Today I have been asked again about the purchase of reburbished computers. Since I have answered this question in emails before, I have summarized those emails and published it here for the edification of others.

I have had mixed results with refurb gear. I had one arrive DOA and other with intermittent hardware failures that required sending it back. My “get a good one the first time” success rate is around 50%. I feel that whether or not a person should buy a refurb boils down to several key factors.

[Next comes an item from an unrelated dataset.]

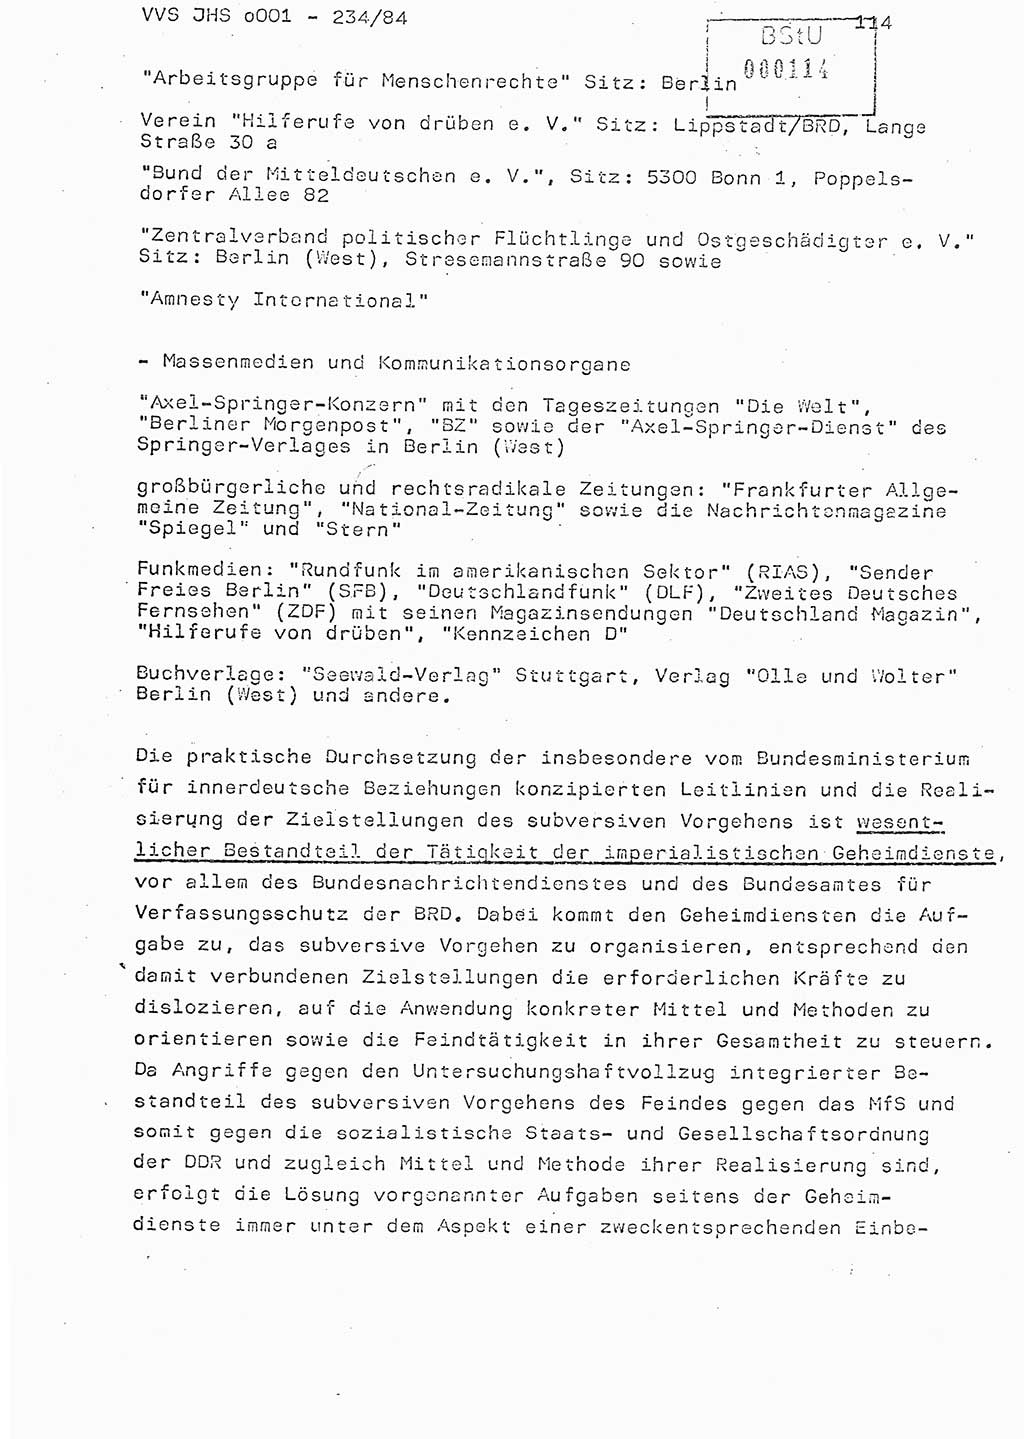 Dissertation Oberst Siegfried Rataizick (Abt. ⅩⅣ), Oberstleutnant Volkmar Heinz (Abt. ⅩⅣ), Oberstleutnant Werner Stein (HA Ⅸ), Hauptmann Heinz Conrad (JHS), Ministerium für Staatssicherheit (MfS) [Deutsche Demokratische Republik (DDR)], Juristische Hochschule (JHS), Vertrauliche Verschlußsache (VVS) o001-234/84, Potsdam 1984, Seite 114 (Diss. MfS DDR JHS VVS o001-234/84 1984, S. 114)
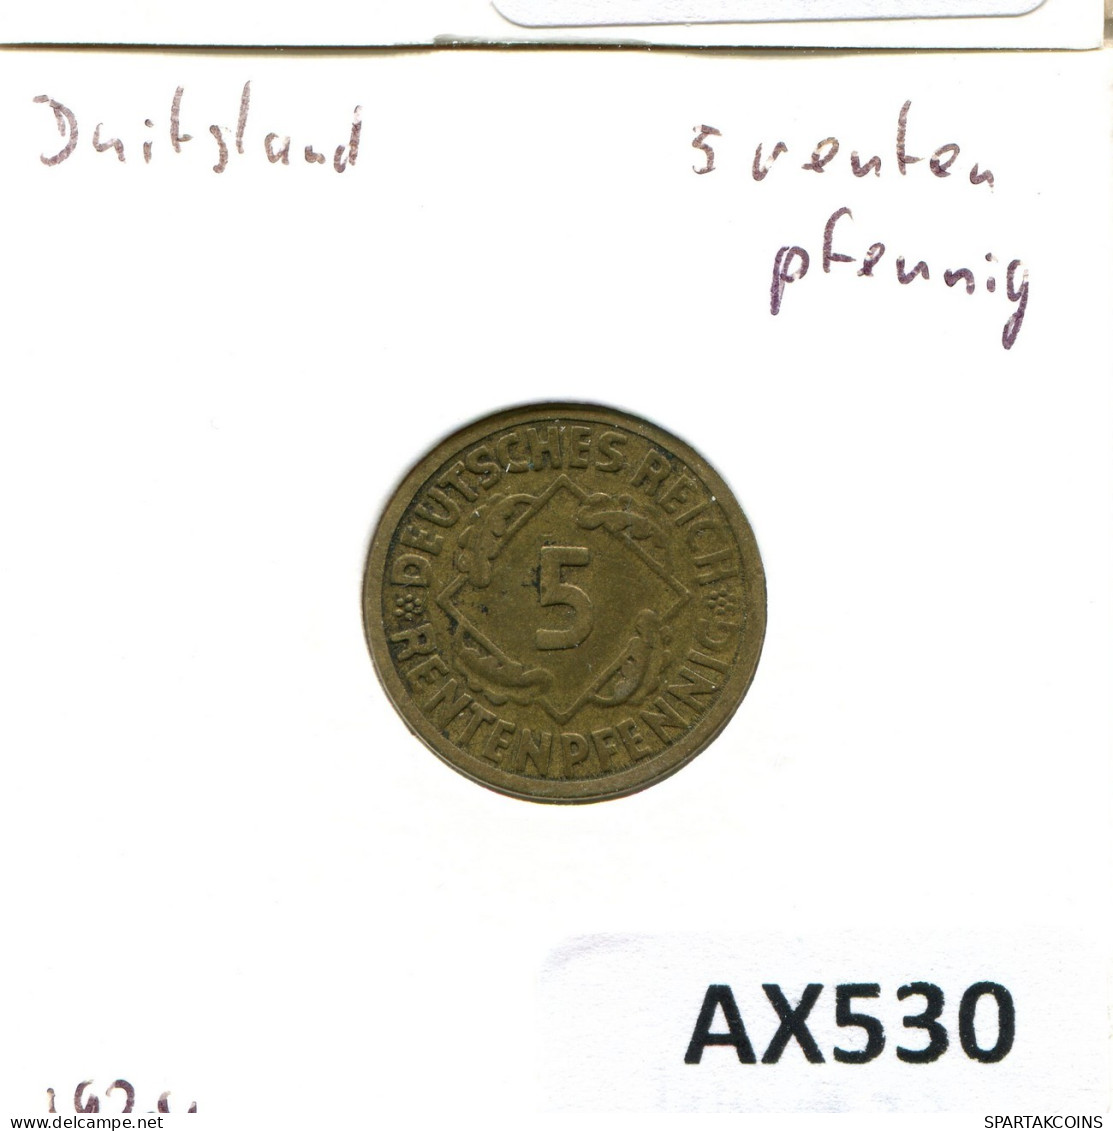 5 RENTENPFENNIG 1924 A ALEMANIA Moneda GERMANY #AX530.E.A - 5 Rentenpfennig & 5 Reichspfennig

1. In exchange for saving some cash, you are taking the risk that your system is not going to arrive in “new” condition. This could include the inconvenience of sending it back and getting another one, costing you a week or two extra where you do not have use of the new computer. Further, it is possible that your computer has an intermittent hardware fault that passes Q.A. testing but still causes sporadic problems for you.

2. Technical savvy. If you are not familiar with how the computer should be working, then it could be faulty without you knowing it. For this reason, I do not advise new or less technically savvy computer users to get a refurbished computer.

3. If this will be another computer and you will not “need” it immediately, then you can risk getting a less than perfect computer the first time. The annoyance of sending it back and getting another one sent to you may not be as significant as $200.

I’m technologically savvy enough to know if there is something wrong with the hardware. I also have plenty of “extra” computing hardware so if a new computer arrives DOA, it is a slight inconvenience. However, I still almost always buy new. By exercising patience, I can usually score a system for enough of a discount that a reburb is no longer attractively priced.